• _PROBLEM TO SOLVE_: Restate the listing below word for word; no picture is to be carried over.

• _AVAILABLE DATA_:

====

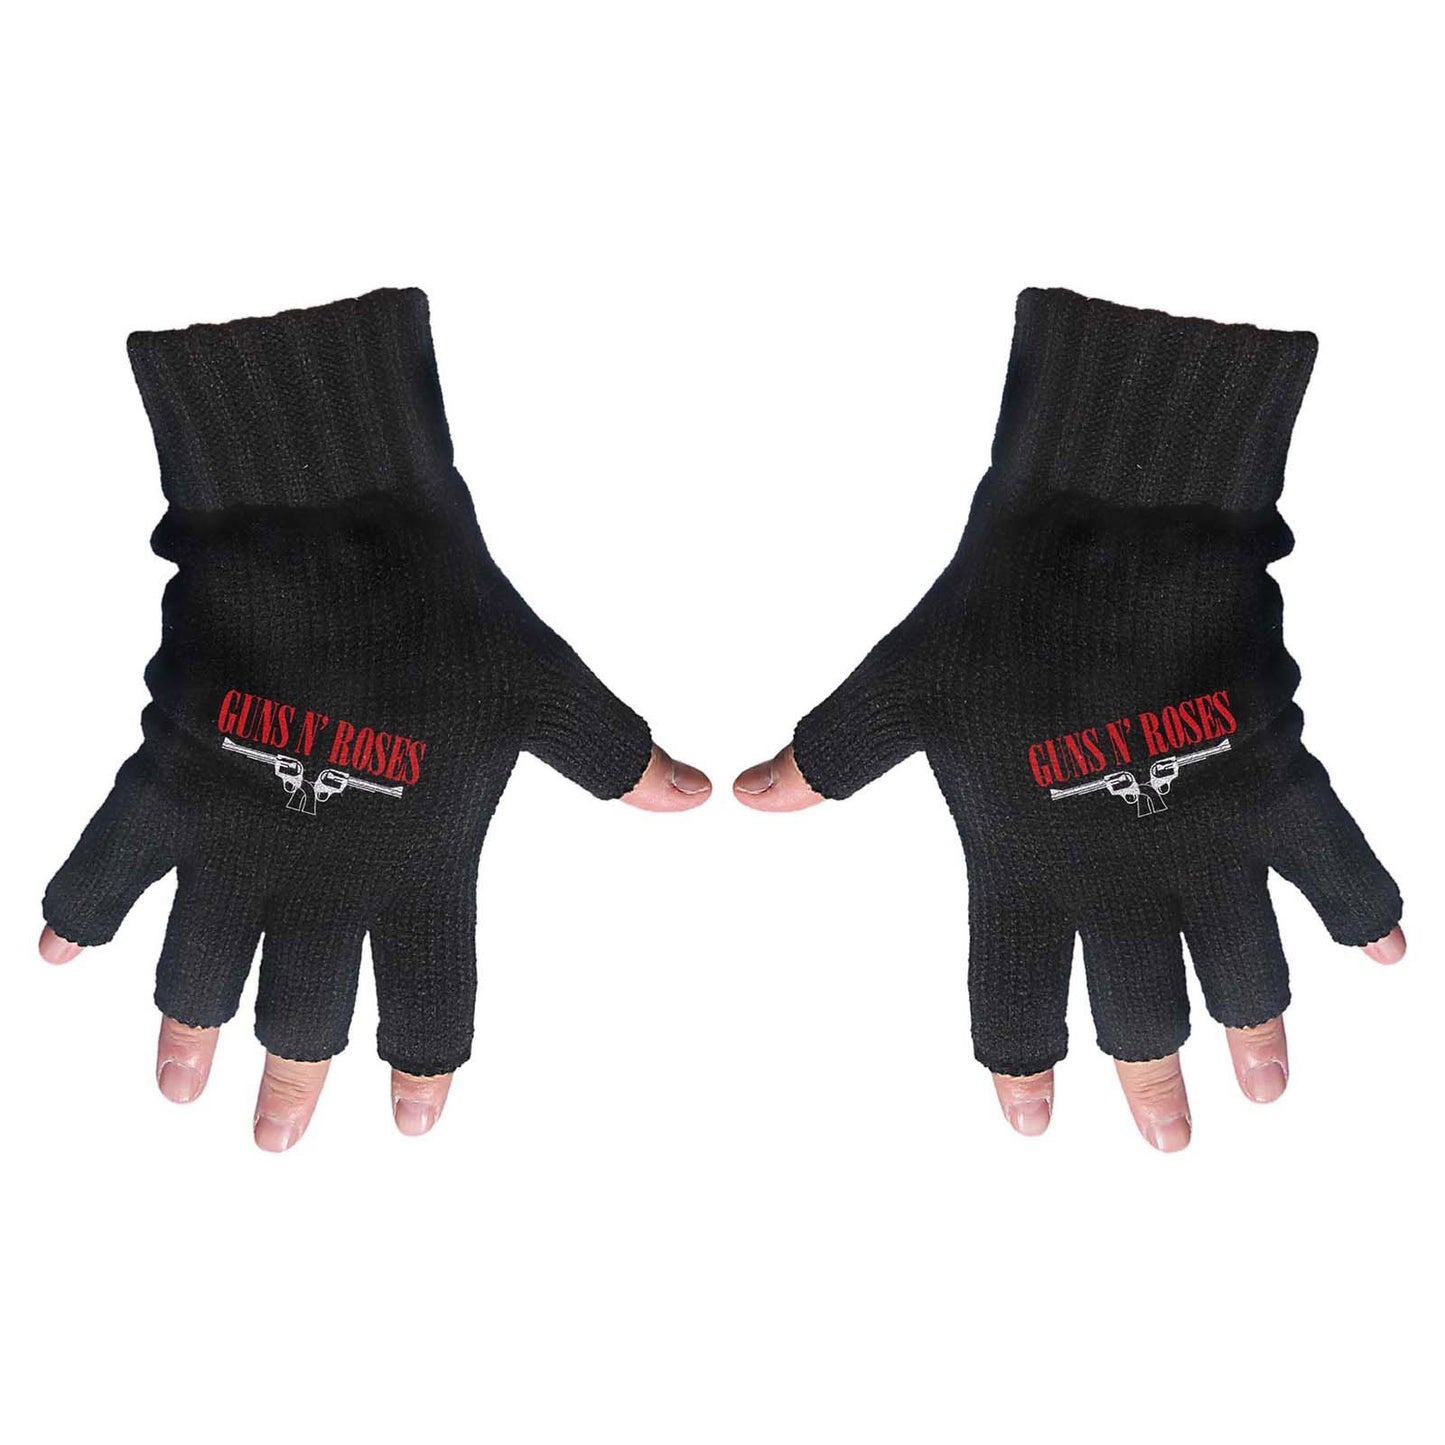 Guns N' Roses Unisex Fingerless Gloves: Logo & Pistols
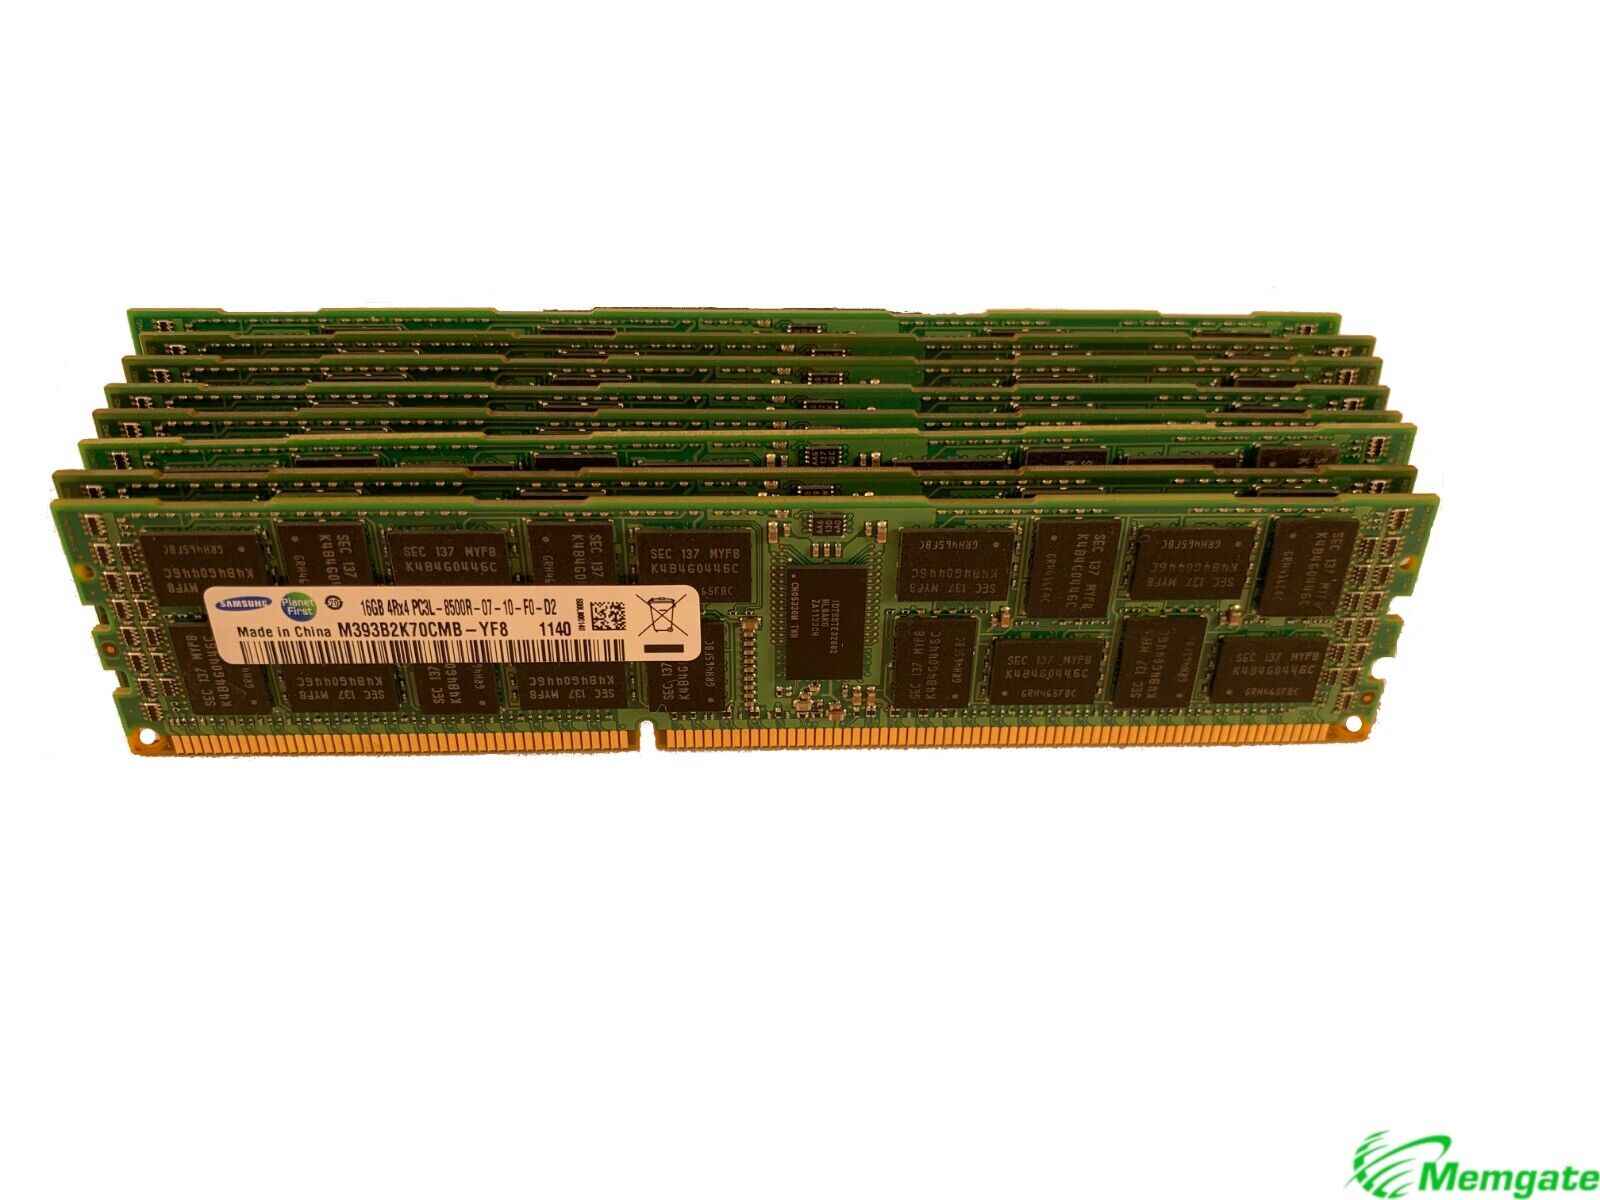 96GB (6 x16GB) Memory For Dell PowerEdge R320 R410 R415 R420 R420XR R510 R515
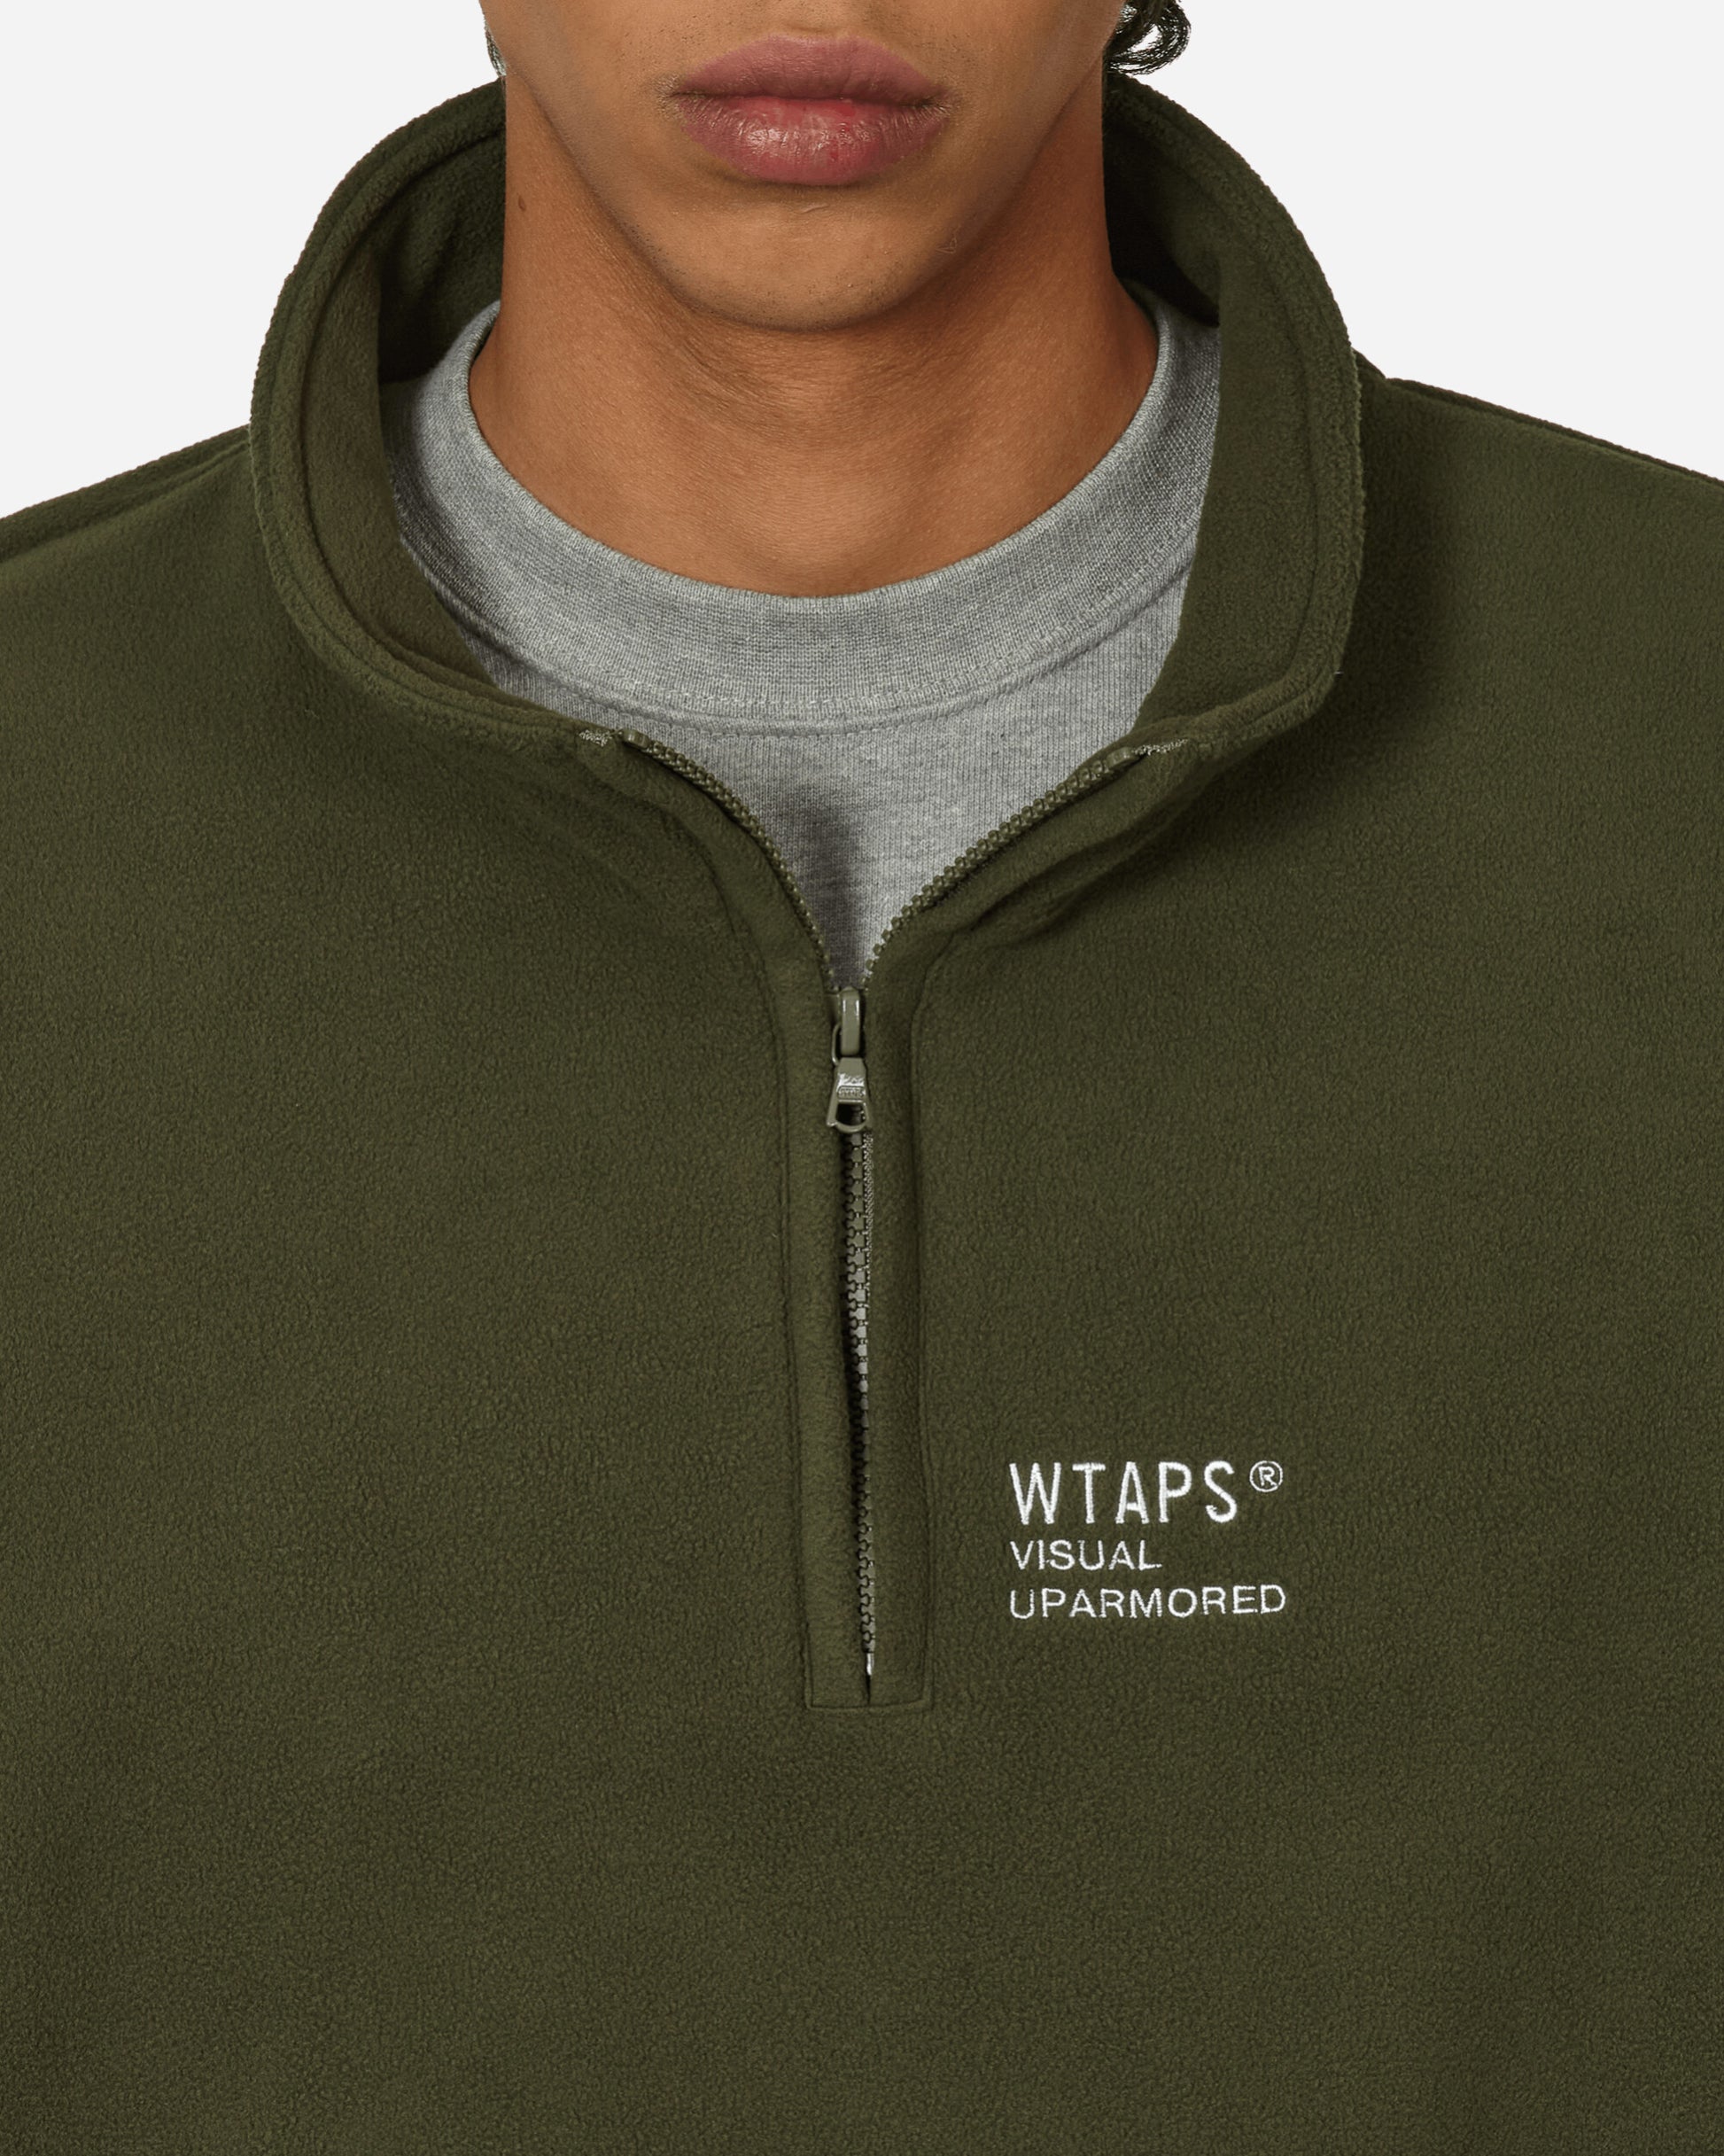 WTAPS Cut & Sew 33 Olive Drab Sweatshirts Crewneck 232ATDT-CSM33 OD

====

• _TASK SOLUTION_:
 Guns N' Roses Unisex Fingerless Gloves: Logo & Pistols
 96GB (6 x16GB) Memory For Dell PowerEdge R320 R410 R415 R420 R420XR R510 R515
 WTAPS Cut & Sew 33 Olive Drab Sweatshirts Crewneck 232ATDT-CSM33 OD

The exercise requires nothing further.